Big Eddie: Good to go
The shortening days after the summer solstice bring our sheep into breeding condition so that mating happens in the Autumn. Five months later the lambs are born to coincide with the growth of Spring grass and hopefully....better weather. Next Tuesday, November 15th is the start of the Shepherd's year. The tups (rams) go out and Big Eddie the Texel x Charollais tup is good to go. He has been trying to escape to meet up with the ewes since he arrived last week.

Twenty years ago you would never have seen an exotic tup like Eddie in the W. Highlands; hardy  Scottish Blackfaces and Cheviots were the breeds that fitted a low input / low output  production system.
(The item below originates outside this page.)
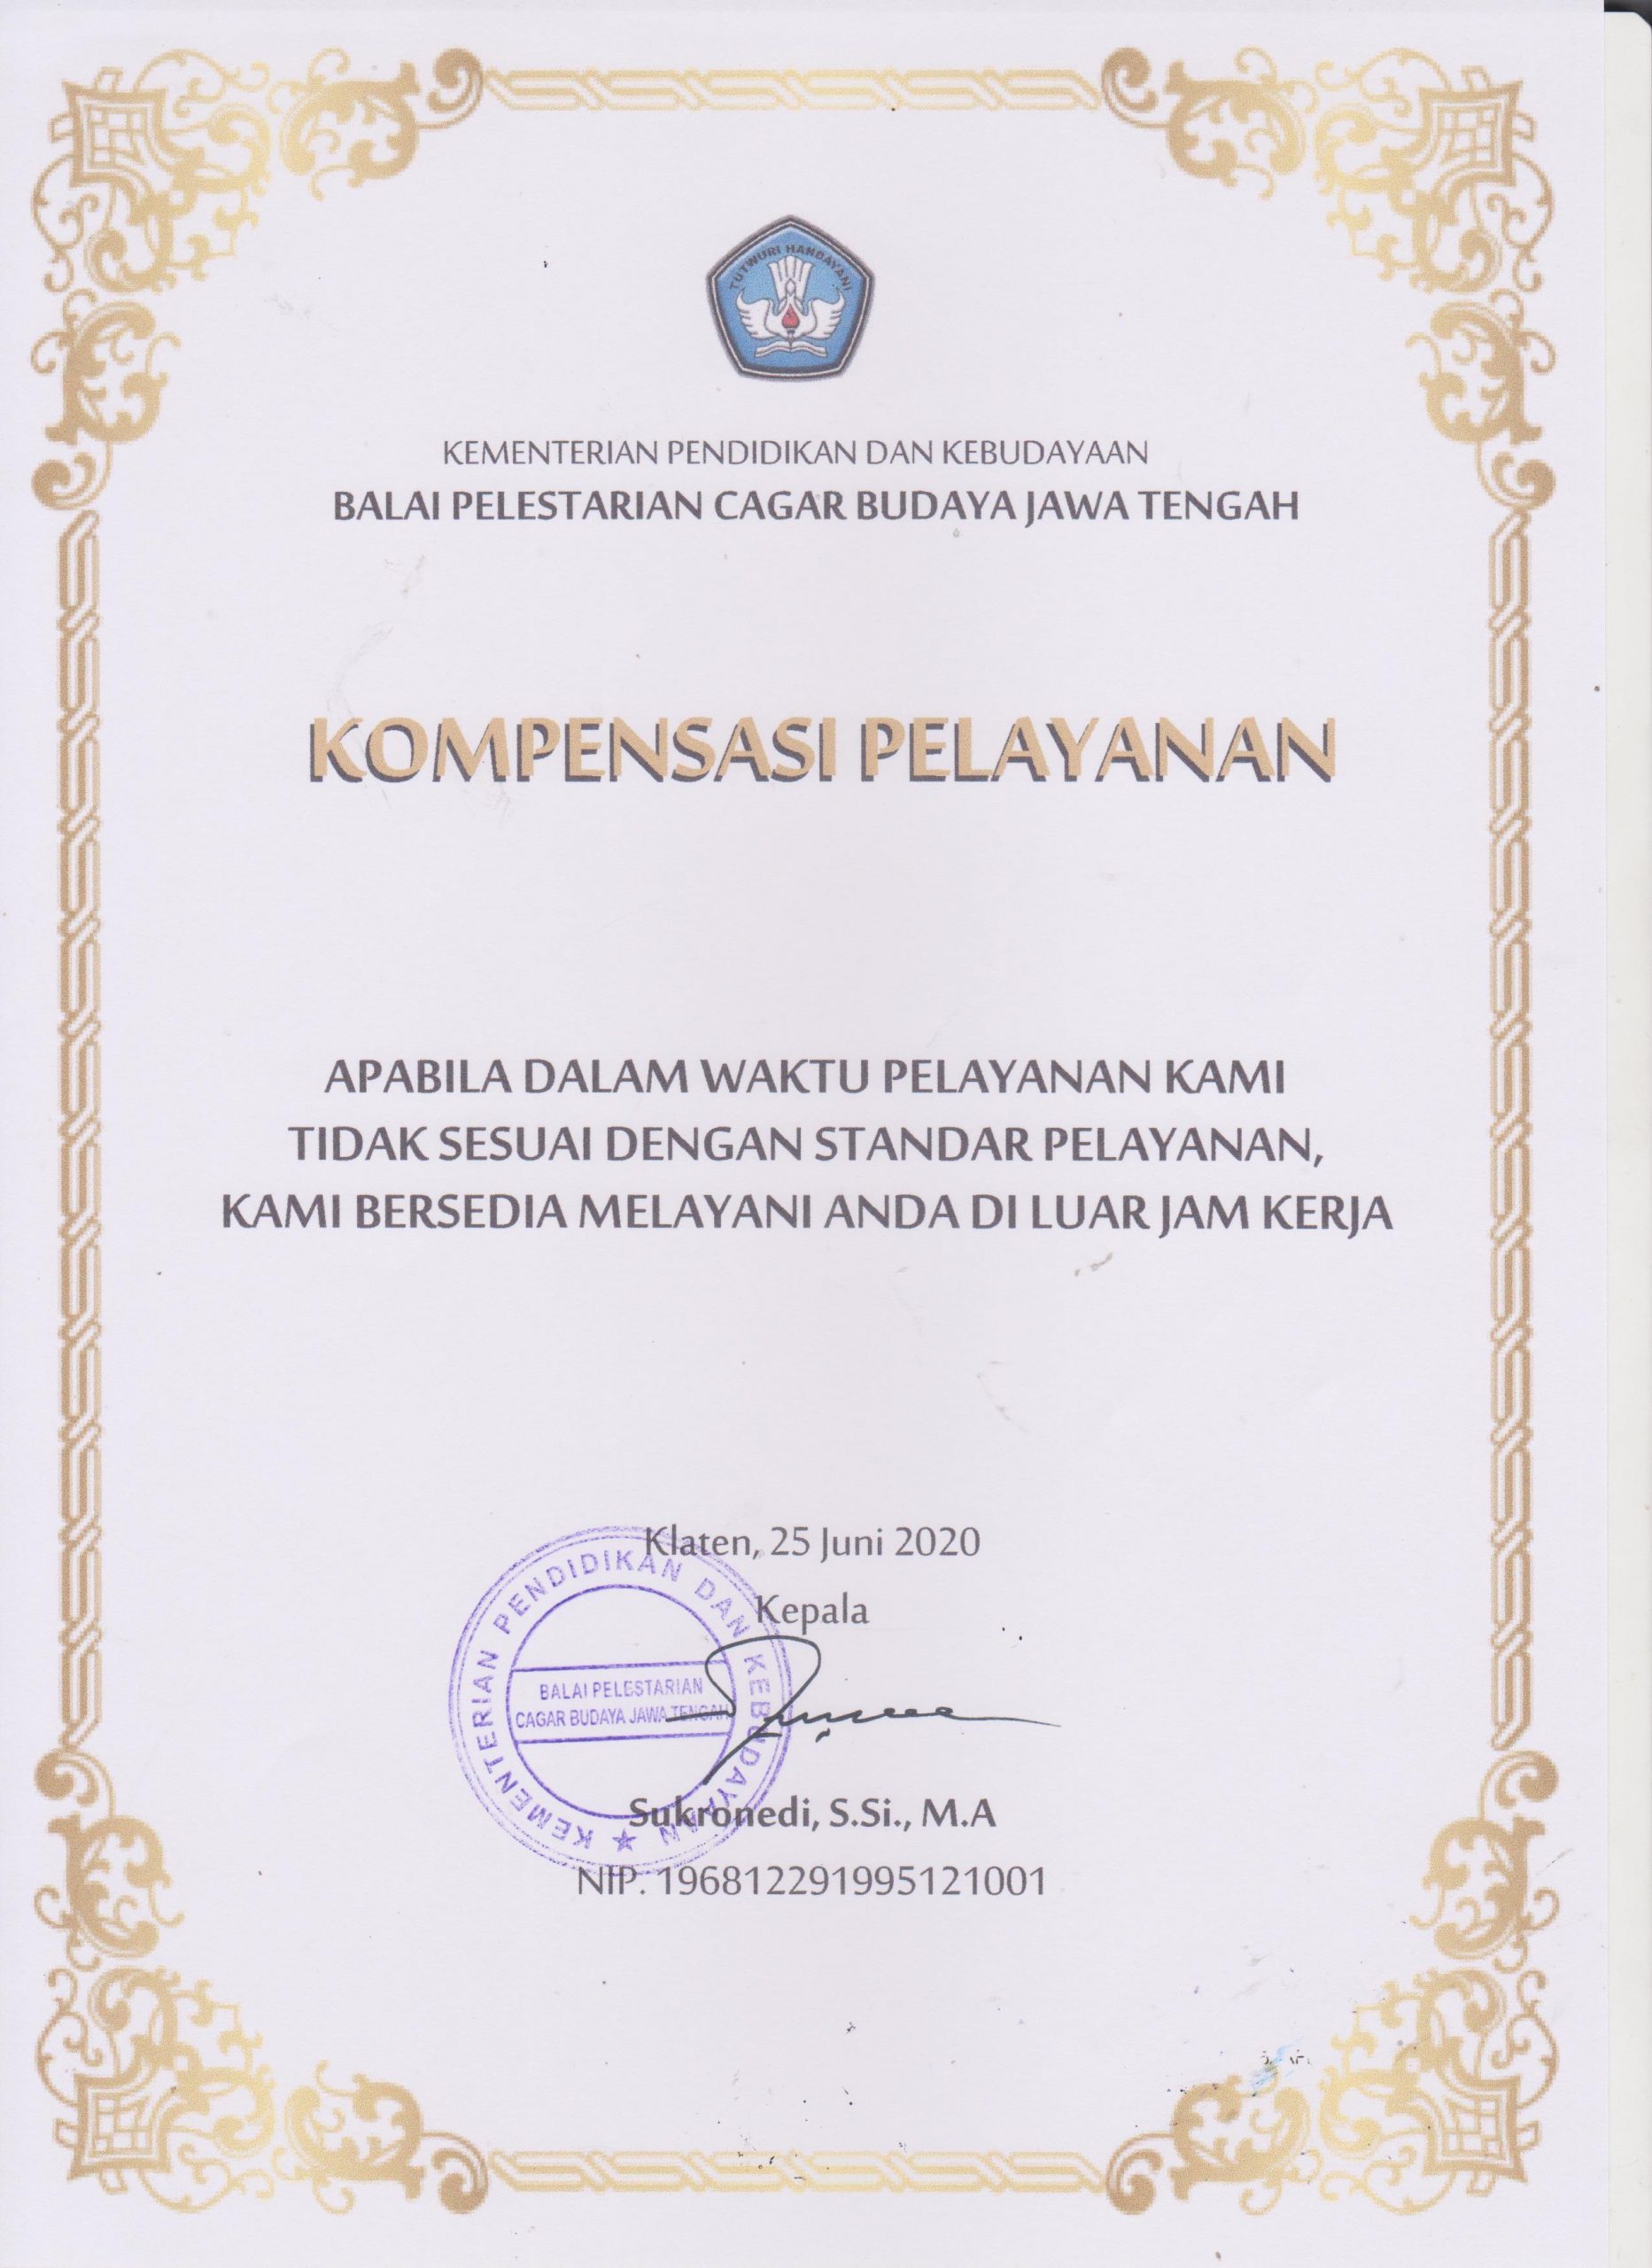 You are currently viewing Kompensasi Pelayanan Balai Pelestarian Cagar Budaya Jawa Tengah

Now the market wants lambs with rounder rear ends and longer leaner carcasses. Then the ewes were kept in a state of near starvation throughout the year,  they produced a small single lamb and a lambing percentage of 80 - 90%. Now we mange the ewe's condition so that when she meets up with the tup next week she will have been on a rising plane of nutrition and will be producing several eggs for fertilisation because we are trying to get more twin lambs and a lambing percentage of 140-150%.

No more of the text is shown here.